What is a food cost and why do you need it?
If you are opening a restaurant (or any Food and Beverage outlet where food is for sale), you will always incur costs for the production of the food: Â how you work out what to sell the food for will help to determine if your restaurant is profitable or not. You can determine your FOOD COST as the percentage of the total of your restaurant sales that are spent on food products. Â This percentage should come in around 28-35% in order for your restaurant to start making money or show a profit.
However, when you add food cost and labour costs together, as well as overheads and other incidentals, the figure can be significantly high (50-75%) so you want to ensure that your food costs don’t come in above 35%…or you will be losing money. By checking your food costs on a monthly/regular basis, you can easily find trends in popular dishes, product fluctuations and specific food price changes.
How do you work out your food cost?
Here is a very simple and recognised formula:
Food Cost % = (Beginning Inventory + Purchases – Ending Inventory) / Food Sales
- Take a physical count of the stock you have in your kitchen. e.g. Opening stock is worth R20 000
- Add your new stock purchases: If you already have stock in the kitchen and you also purchased additional stock during the week, you should add the two together by combining the closing stock for last week with the purchases for this week. e.g. new purchases were R4000 so total would be R24000
- Subtract your ending inventory, after all sales for the period are complete. e.g sales for the period are R18 000 so R24 000- R18 000 = R6000
- Divide the value by the amount of sales e.g. so if your food sales for the week were R18500, you divide R6000 into R18500 and your food cost is: 0, 32%. That means you spent 0.32 cents for every rand in sales or 32% cost of food.

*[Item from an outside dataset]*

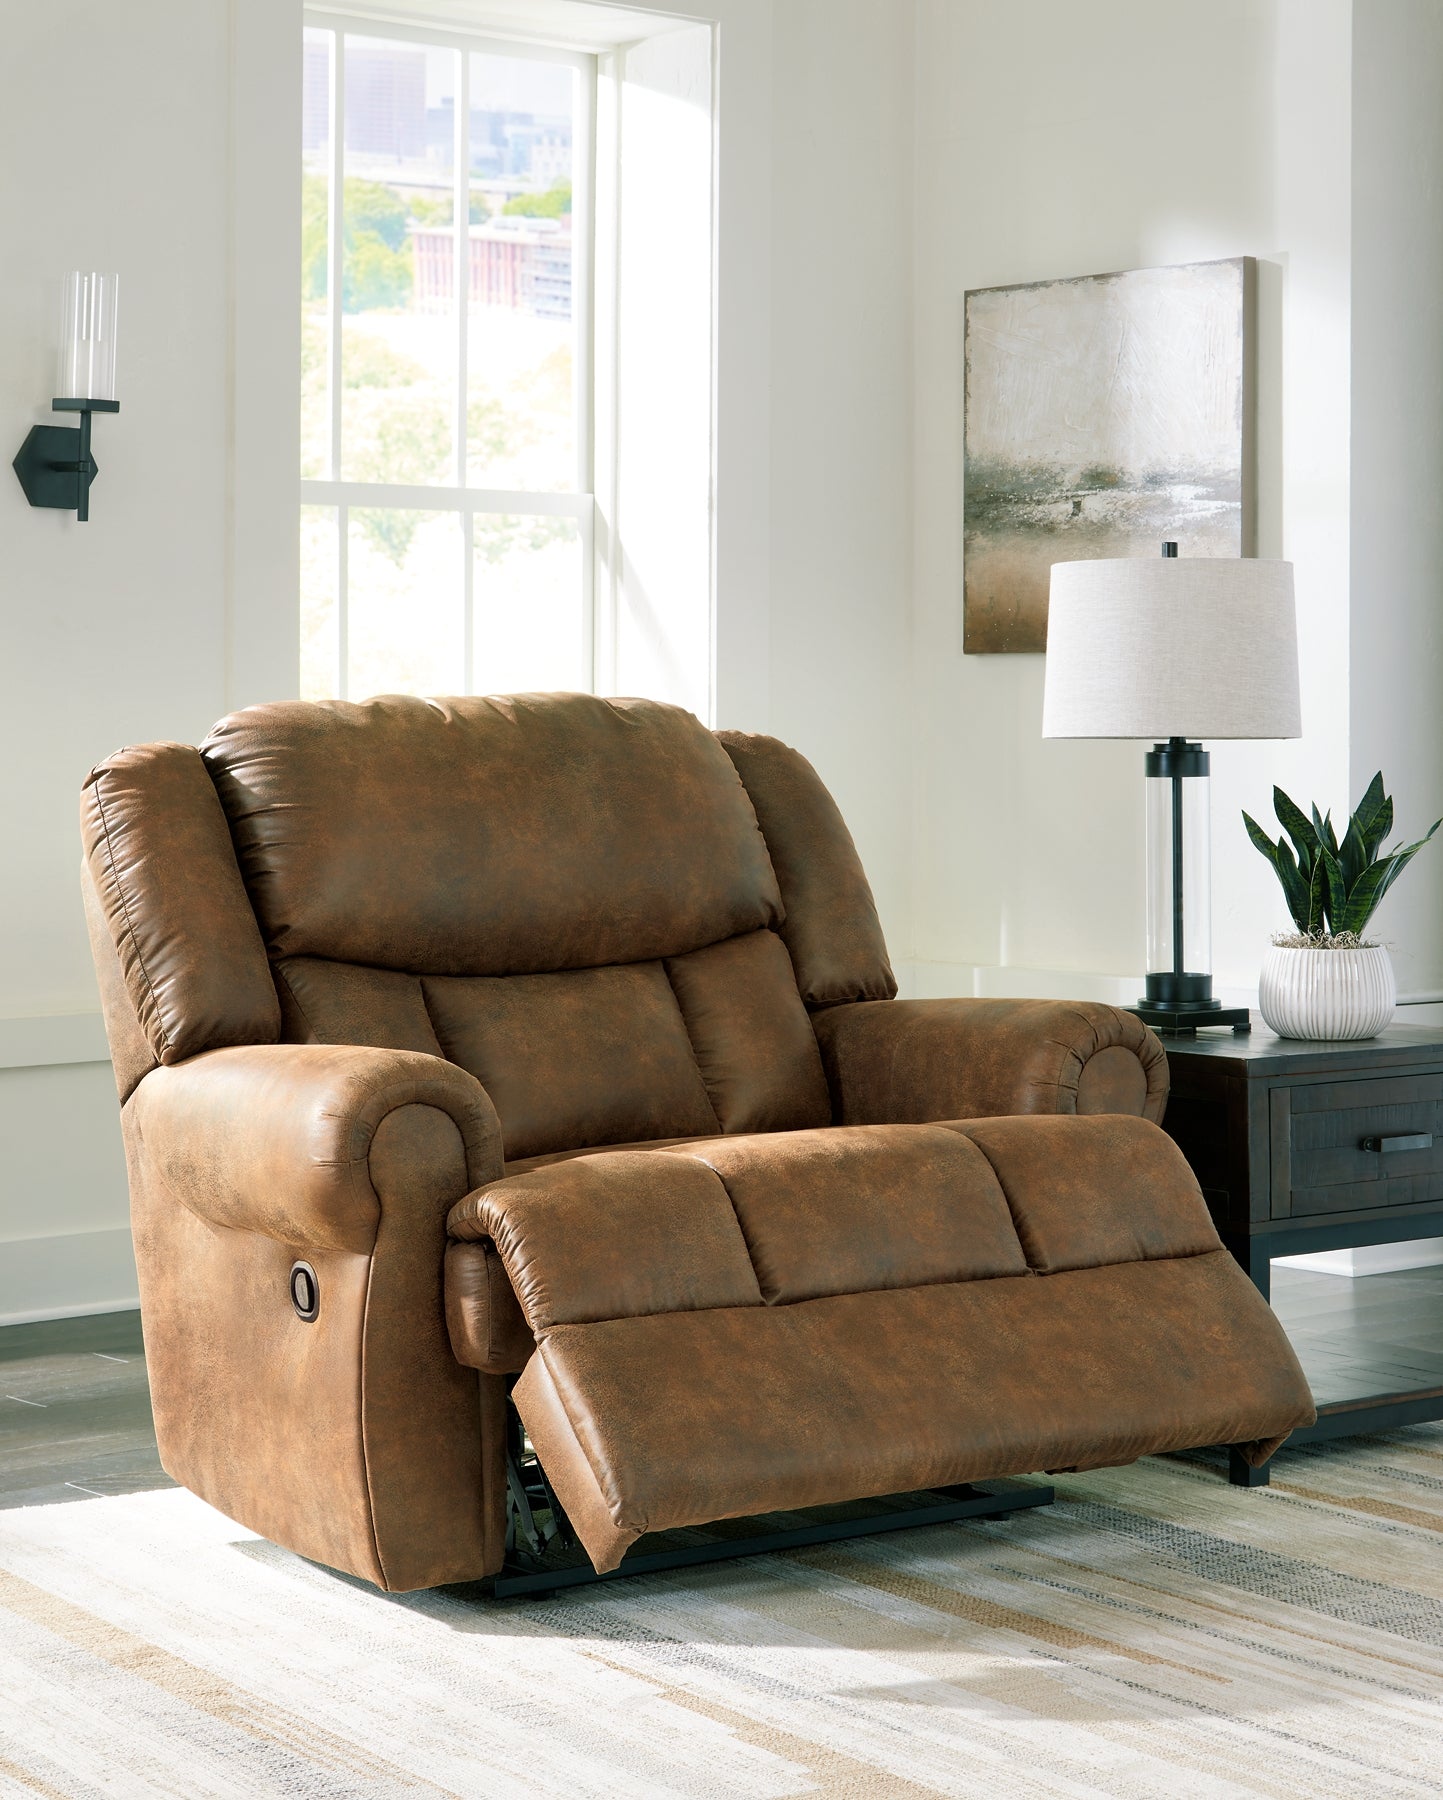 Boothbay Wide Seat Recliner JB's Furniture  Home Furniture, Home Decor, Furniture Store

Factors to consider when taking actual food cost:
You should do your stock takes either at the end of the day or the beginning of the day. Accurate stock takes cannot be made whilst items are being sold or delivered. Also, if the cost of something has changed (for example you have two chickens that were bought at two different prices), use the most recent unit price.

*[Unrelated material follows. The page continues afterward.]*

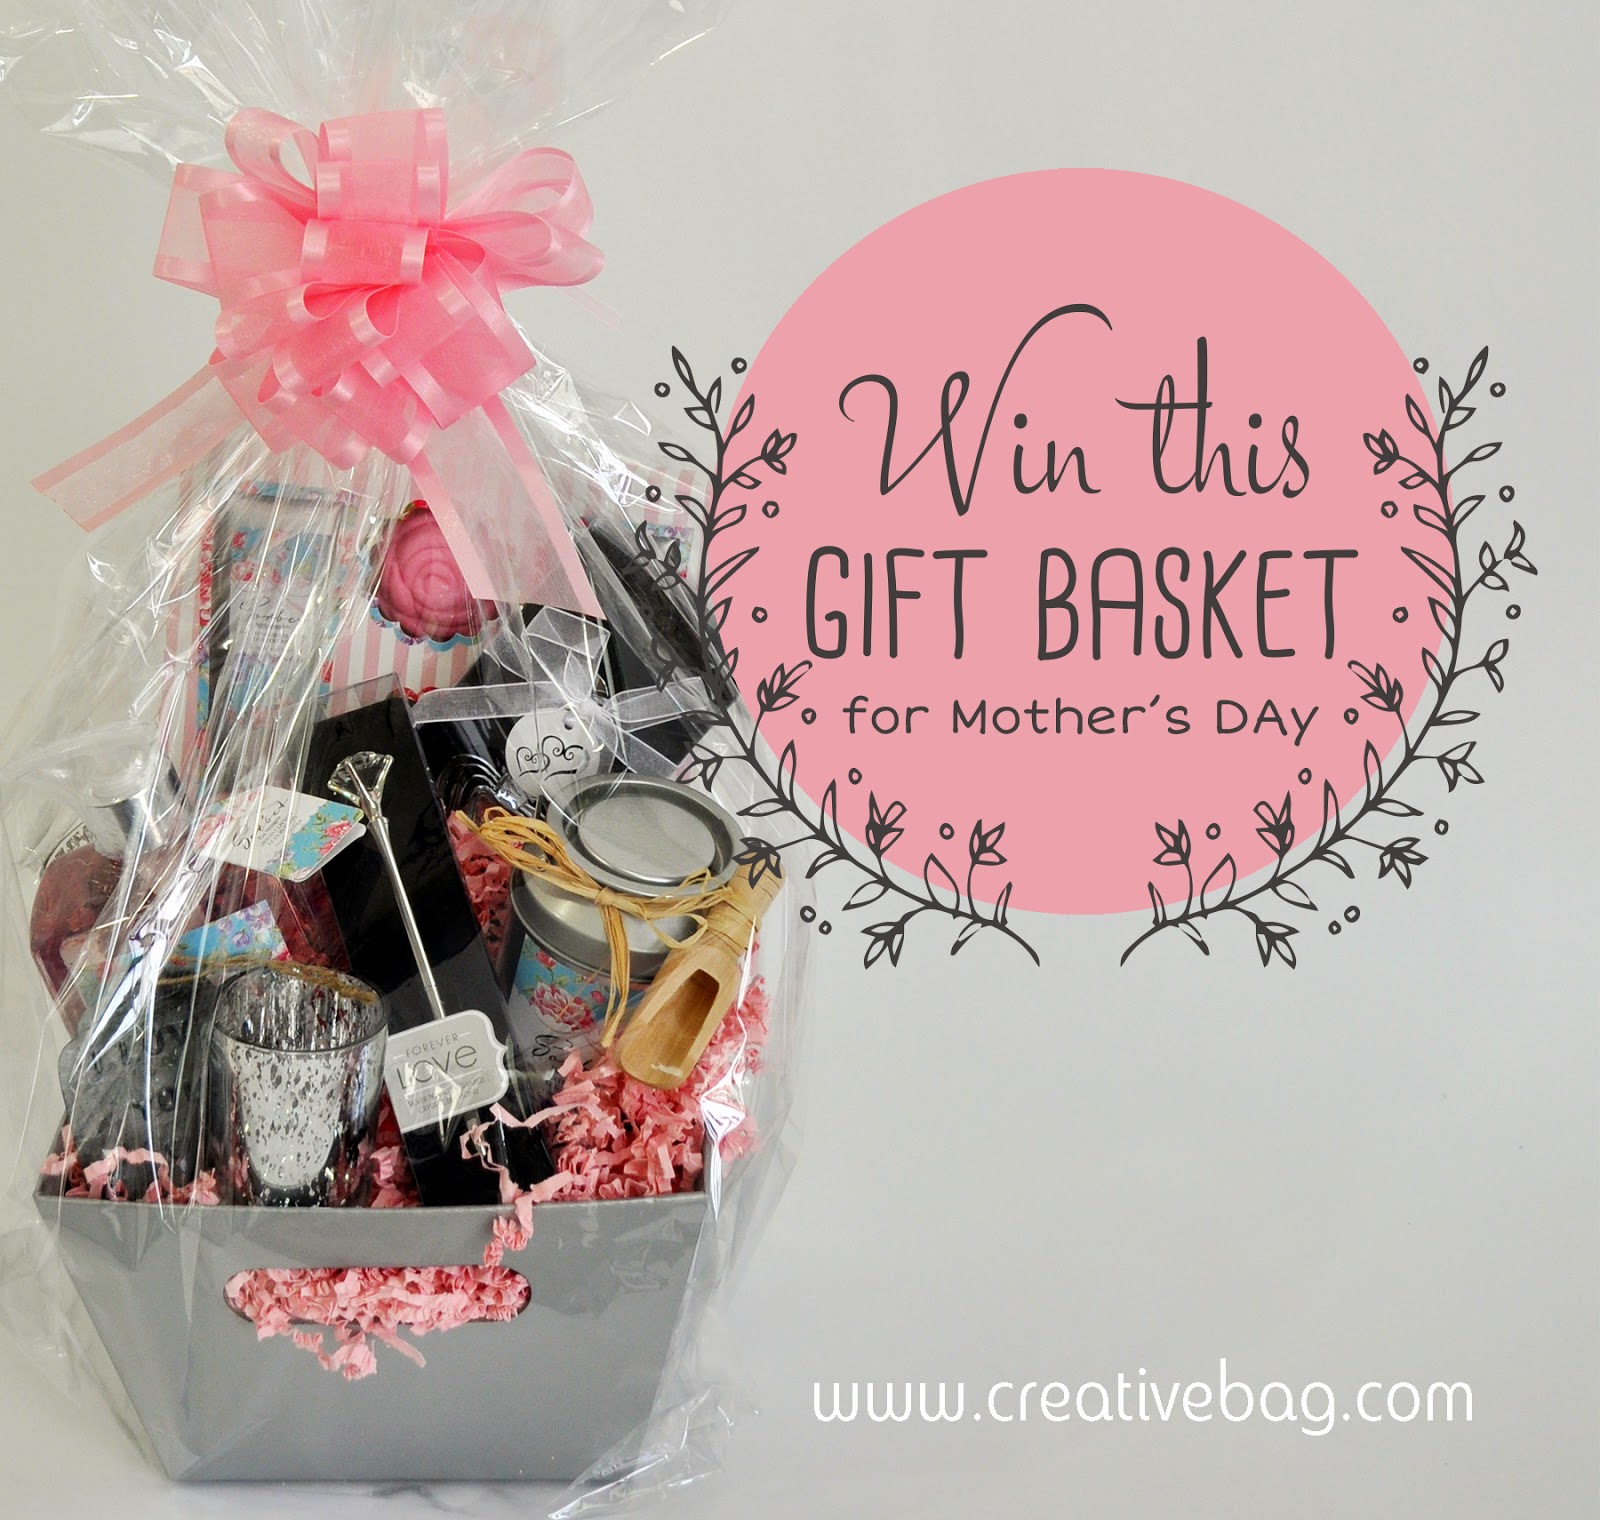 win this gift basket for Mother's Day 2014 from CreativeBag.com

Factors that can influence your food cost percentage:
- Incorrect opening stock take and / or closing stock take or stock transfers
- Incorrect purchases
- Incorrect meal portioning
- Your measuring scales could be out
- Wasting food / spoilage
- Not ringing up sales or ring up sales incorrectly
- Short deliveries or stock returns
- Theft of stock
- Your sales prices are too low
What is the difference between theoretical food cost and actual food cost?
Theoretical Food Cost is what you would like your food cost to be, in a perfect world. Theoretical costs don’t take into account theft, waste etc
The theoretical food cost is calculated like this:
- Theoretical Cost of Goods Sold = (Item A Food Cost x Units of A sold) + (Item B Food Cost x Units of B sold) + (and so on)
- Theoretical Food Cost (as a percentage) = Theoretical Cost of Goods Sold / Food Sales
Aside from working out the differences between actual and theoretical food costs, remember that they will never match, but the importance of working out both is this: you are looking for variances or discrepancies in the two. If the variance is too large, you may need to investigate further.